Written by Teri Forey

As well as python libraries that work with numerical data, people have also built libraries that work on biological data. Specifically DNA/protein sequences and SAM/BAM alignment files. These libraries are [Biopython](http://biopython.org/) and [pysam](http://pysam.readthedocs.io/en/latest/index.html) respectively.

## 1. Biopython

Biopython is the main python library that parses and reads sequence files. There are two main objects the `Seq` object that contains the DNA/RNA/protein sequence itself and the `SeqRecord` object that contains additional information such as an ID. We'll first look at creating a `Seq` object. 

### 1.1 Seq
We'll first import the Seq class that's contained within Bio.Seq

In [None]:
from Bio.Seq import Seq

We can create a Seq object simply by typing in the sequence as a string.

In [None]:
my_seq = Seq("ATGGCATCGATTCGATGCTAGGCTAGCTAG")
my_seq

When this object is printed to screen, it contains the sequence but also an Alphabet. At the moment this alphabet is just a default basic alphabet as Biopython doesn't know whether the sequence is DNA or protein. If you know this information when you create a Seq object, you should supply it.

In [None]:
from Bio.Alphabet import generic_dna, generic_protein

my_dna = Seq("ATCGATGCAGGCTAG", generic_dna)
my_dna

In [None]:
my_protein = Seq('ATCGATGCAGGCTAG', generic_protein)
my_protein

If these alphabets are set, it means a lot of biologically sensible errors will be caught. For example, you wouldn't be able to combine a DNA and protein sequence.

In [None]:
my_dna + my_protein

### 1.2 Seq Methods

The Seq object contains some generic methods that are common to all strings, as well as methods that are unique to nucleotide sequences. A few examples of these are demonstrated below. 

In [None]:
# Use the string method find() to locate the start of a particular sequence
my_dna.find('AGG')

In [None]:
# print the reverse complement sequence
my_dna.reverse_complement()

In [None]:
# Translate the sequence into protein. 
# Note this will only translate the forward strand and will assume the whole sequence is coding! 
my_dna.translate()

In [None]:
# Translate will not work on a protein sequence
my_protein.translate()

### 1.3 SeqRecord

A SeqRecord object contains a Seq object, as well as additional information.

In [None]:
from Bio.Seq import Seq
from Bio.SeqRecord import SeqRecord
from Bio.Alphabet import IUPAC

record = SeqRecord(Seq("MKQHKAMIVALIVICITAVVAALVTRKDLCEVHIRTGQTEVAVF",
                       IUPAC.protein),
                   id="YP_025292.1", name="HokC",
                   description="toxic membrane protein, small")
print(record)

As you can see, we've assigned the sequence, ID, name and description. Printing the record outputs this information in a human readable format.

### 1.4 SeqIO

It's unlikely you'll often create these SeqRecords by hand though, you'll most often be reading them in from a file. For that, you need to import the SeqIO function. There's an example GenBank file in `data/`, we'll import this and print a few pieces of information for each sequence in the file.

In [None]:
from Bio import SeqIO

# We have to specify the filename and the format
for record in SeqIO.parse("../data/sequence.gb", 'genbank'):
    print("ID: %s\tName: %s\tSequence Length: %s" % (record.id, record.name, len(record.seq)))

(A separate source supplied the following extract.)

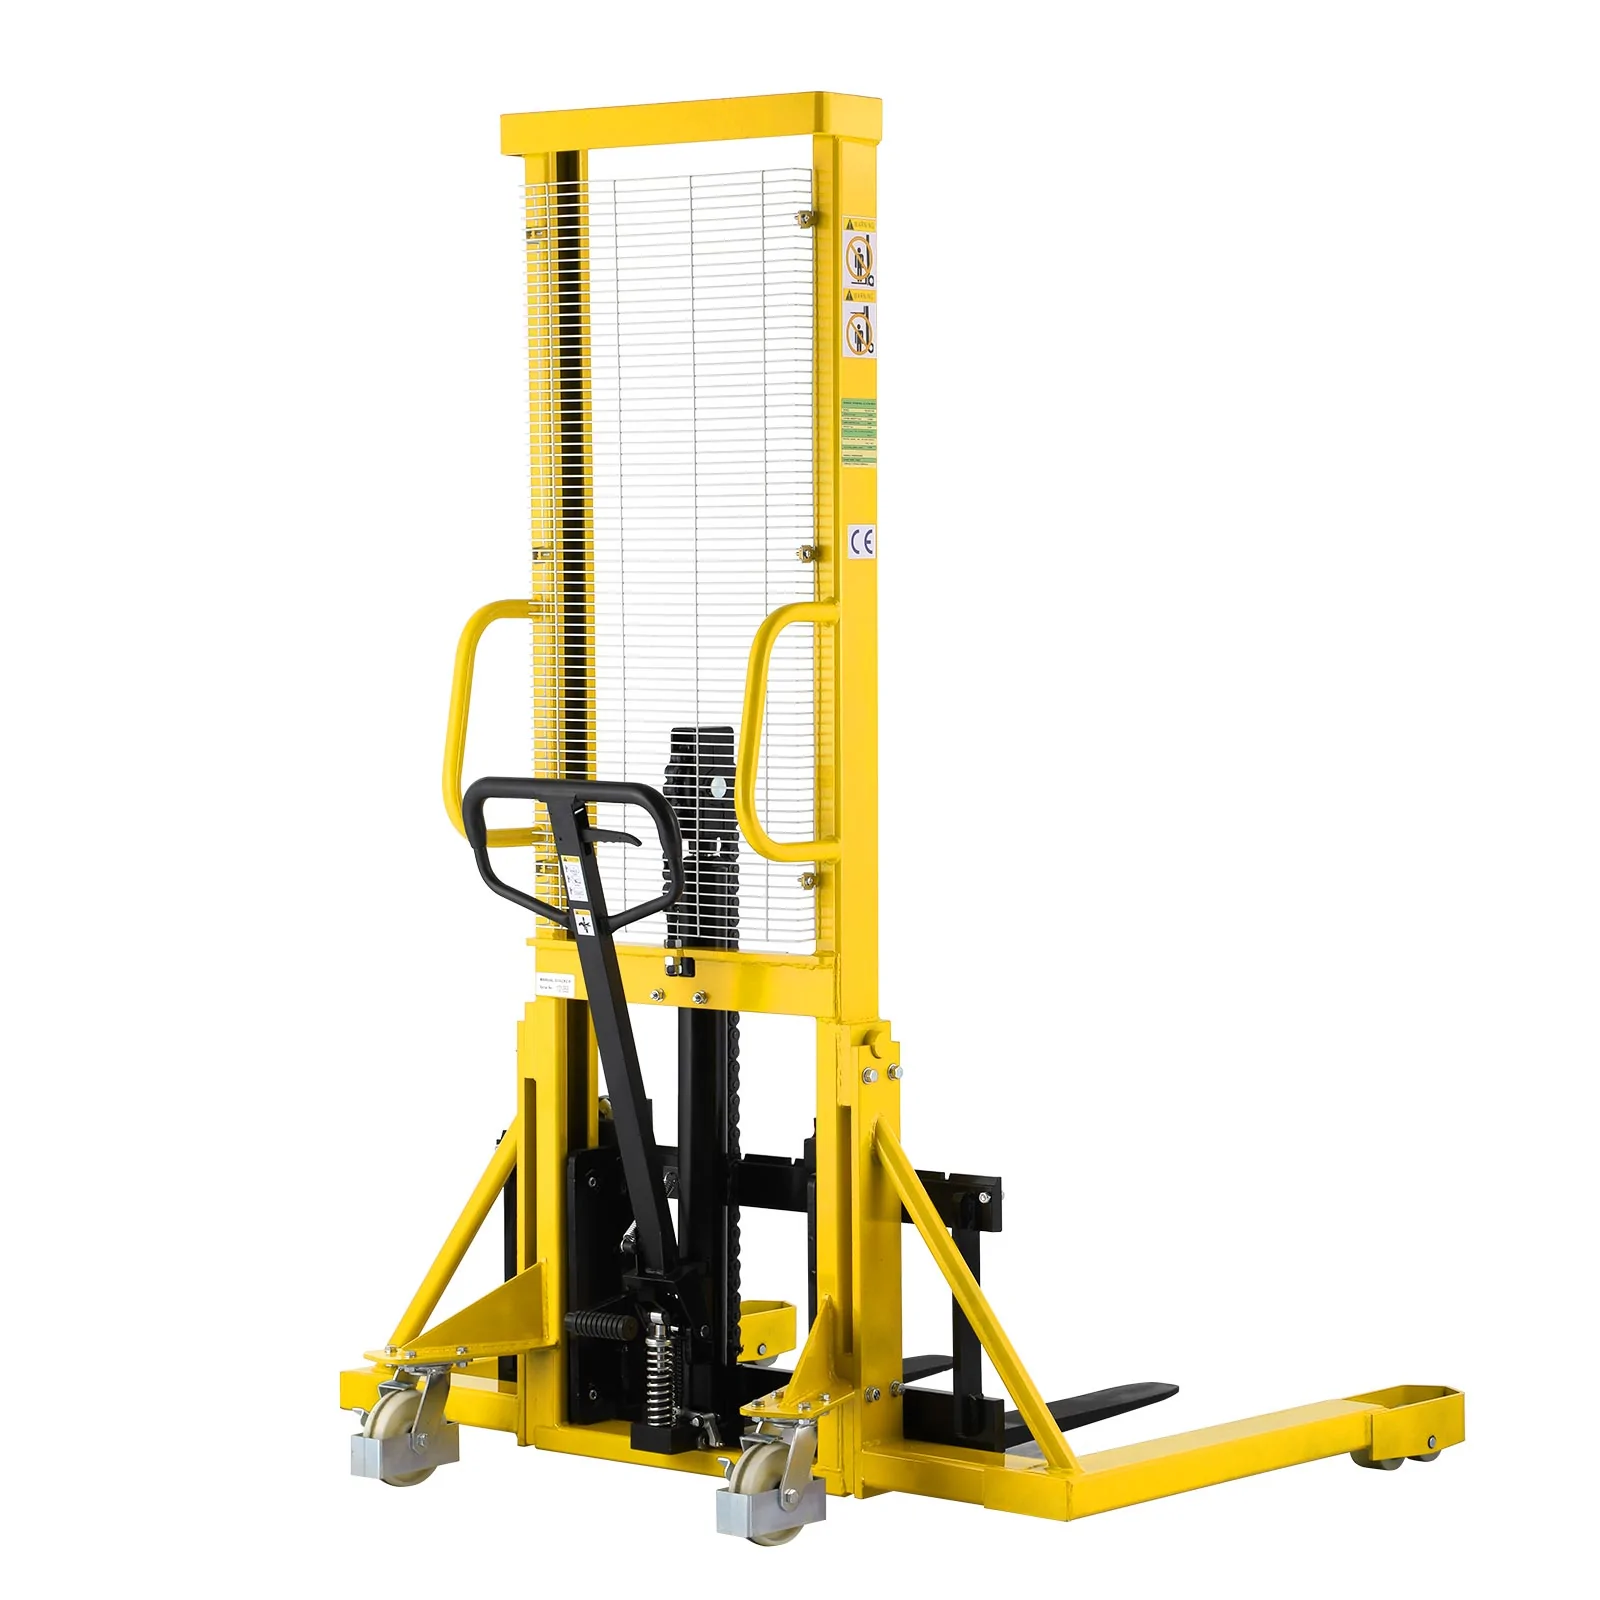 Hydraulic Hand Stacker with Straddle Legs 2200lbs Capacity 63" Lift Height SDJAS1016

There is only one sequence in this file, we can see all of the information by printing the whole record.

In [None]:
print(record)

There is a lot of information here! Different file formats contain different information, so what you see here won't match what you'll see from a FASTA format file for example. Almost all of the sequence file formats you'll come across working with biological sequences are supported by Biopython, have a look at their documentation for more information.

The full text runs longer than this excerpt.